1.6. Berkunjung ke Majapahit
Adapun cerita tentang Sayyid Raja Pendita dan Sayyid Rahmad, putra Sayyid Ibrahim Al Asmar yang keduanya hidup dan tinggal di negeri Campa. Suatu ketika mereka berdua meminta izin kepada ayahanda mereka untuk mengunjungi bibi mereka, Marta Ningrum, yang menjadi istri raja Brawijaya di kerajaan Majapahit. Ayah mereka pun memberi izin kepada mereka dan memerintahkan salah satu pembantunya yang bernama Abu Hurairoh untuk menemani perjalanan mereka. Sang ayah berpesan kepada Abu Hurairoh untuk selalu melayani Sayyid Raja Pendita dan Sayyid Rahmad serta mematuhi semua yang diperintahkan oleh mereka. Mereka bertiga (Sayyid Raja Pendita, Sayyid Rahmad dan Abu Hurairoh) mohon diri kepada ayahanda mereka. Mereka keluar meninggalkan negeri Campa dan mencari kapal yang berlayar ke pulau Jawa. Mereka terus berjalan dan mencari hingga mereka sampai di sebuah daerah yang bernama Kupeng. Di situ mereka mendapati ada sebuah kapal yang berlayar menuju kota Gresik. Gresik adalah sebuah kota yang terletak di dekat kota Surabaya. Mereka bernego dan berunding dengan si empunya kapal untuk ikut menumpang di kapal tersebut. Si empunya kapal pun memberi izin kepada mereka. Kapalpun berlayar selama tujuh hari di atas laut dengan diombang-ambing angin yang tenang dan bersahabat.

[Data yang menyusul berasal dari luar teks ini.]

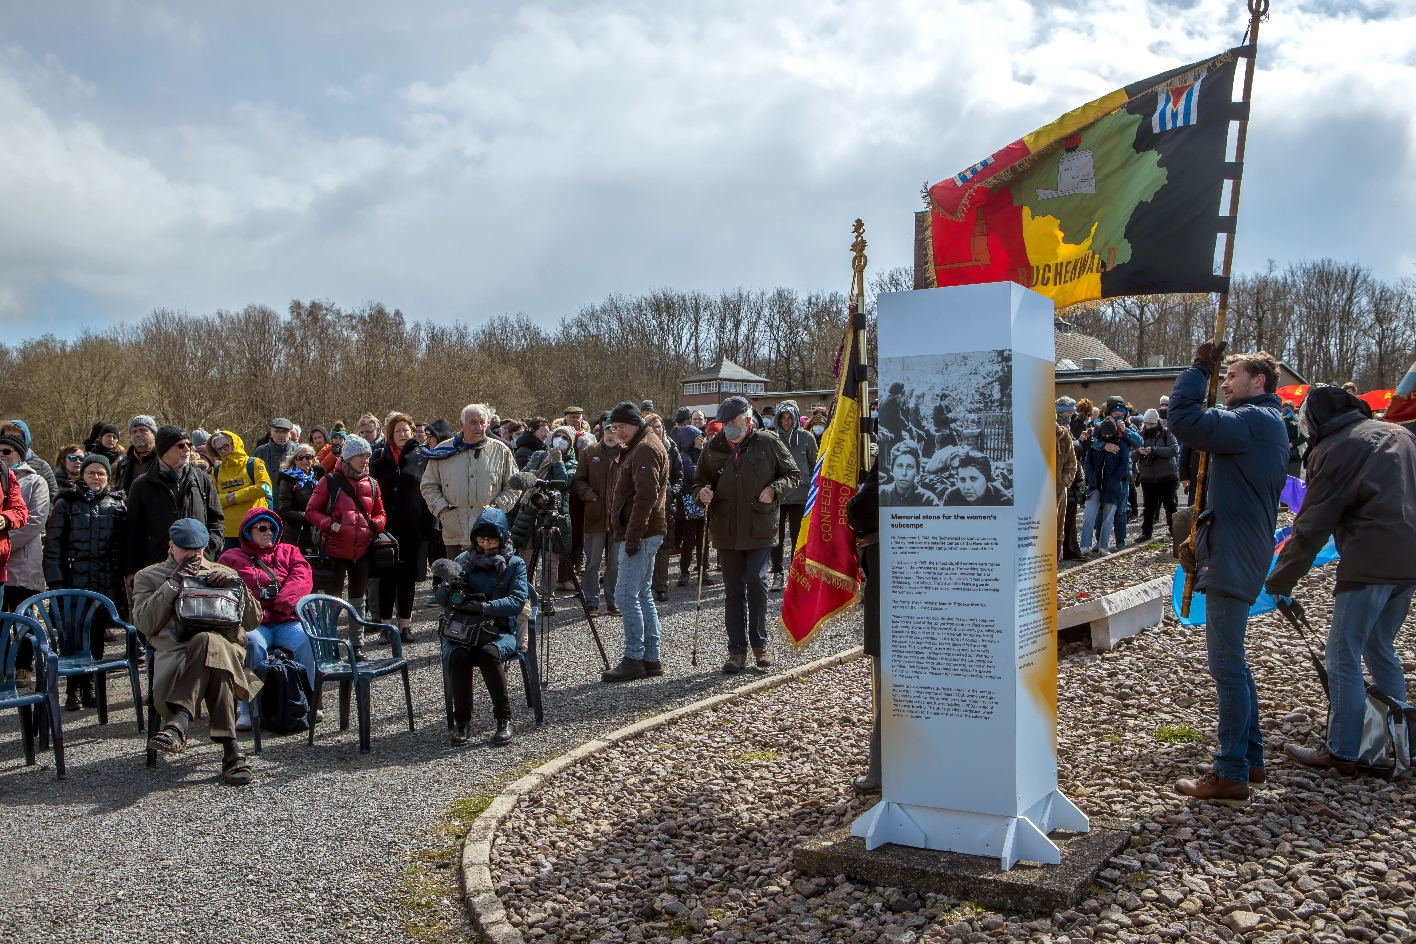 Im Vordergrund des Bildes steht eine weiß-grau-orangene Info-Stele. Rechts neben der Stele steht ein Mann mit einer großen Belgischen Flagge. Im Hintergrund ist eine Menschenmenge zu sehen, die in Richtung der Stele blickt. 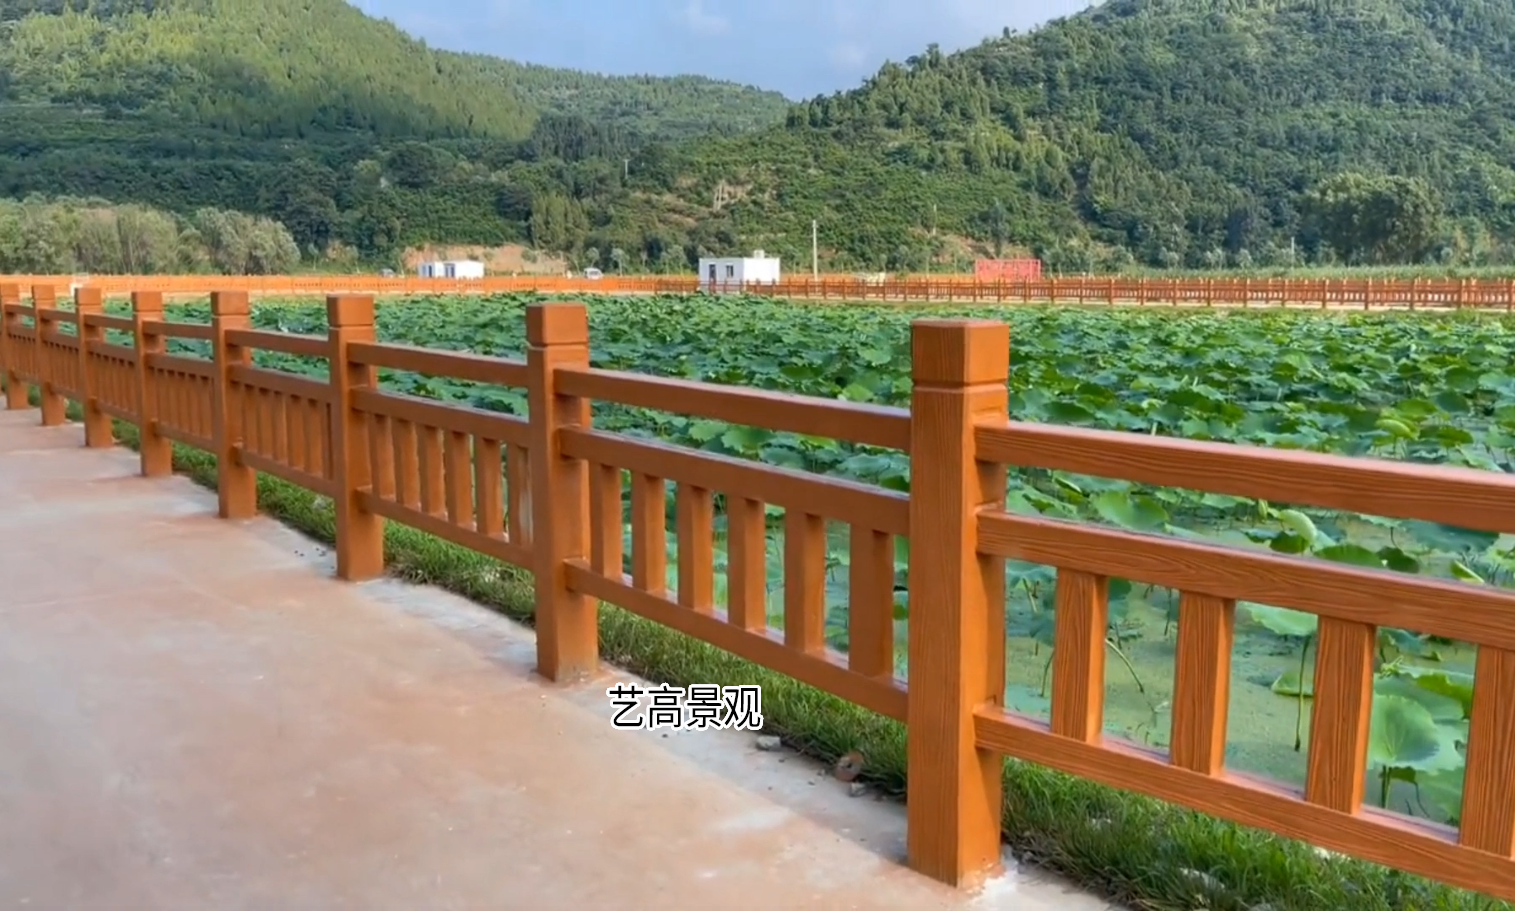 广东仿木护栏景观工程报价 广州水泥仿木栏杆厂家价格多少钱一米

Di tengah perjalanan, secara tiba-tiba kapal dihantam dengan angin badai dan menyeretnya hingga di perairan negeri Kamboja. Ketika kapal mendekati pantai, tanpa sengaja kapal menghantam batu karang dan kapalpun pecah. Berita kecelakaan kapal itu sampai ke telinga raja Kamboja. Sang raja lalu memerintahkan untuk mengambil kapal tersebut dan menahan seluruh awak kapal serta segala muatan yang ada di kapal tersebut. Setelah itu raja memerintahkan untuk membakar kapal itu dan memenjarakan Sayyid Raja Pendita, Sayyid Rahmad dan pembantunya Abu Hurairoh.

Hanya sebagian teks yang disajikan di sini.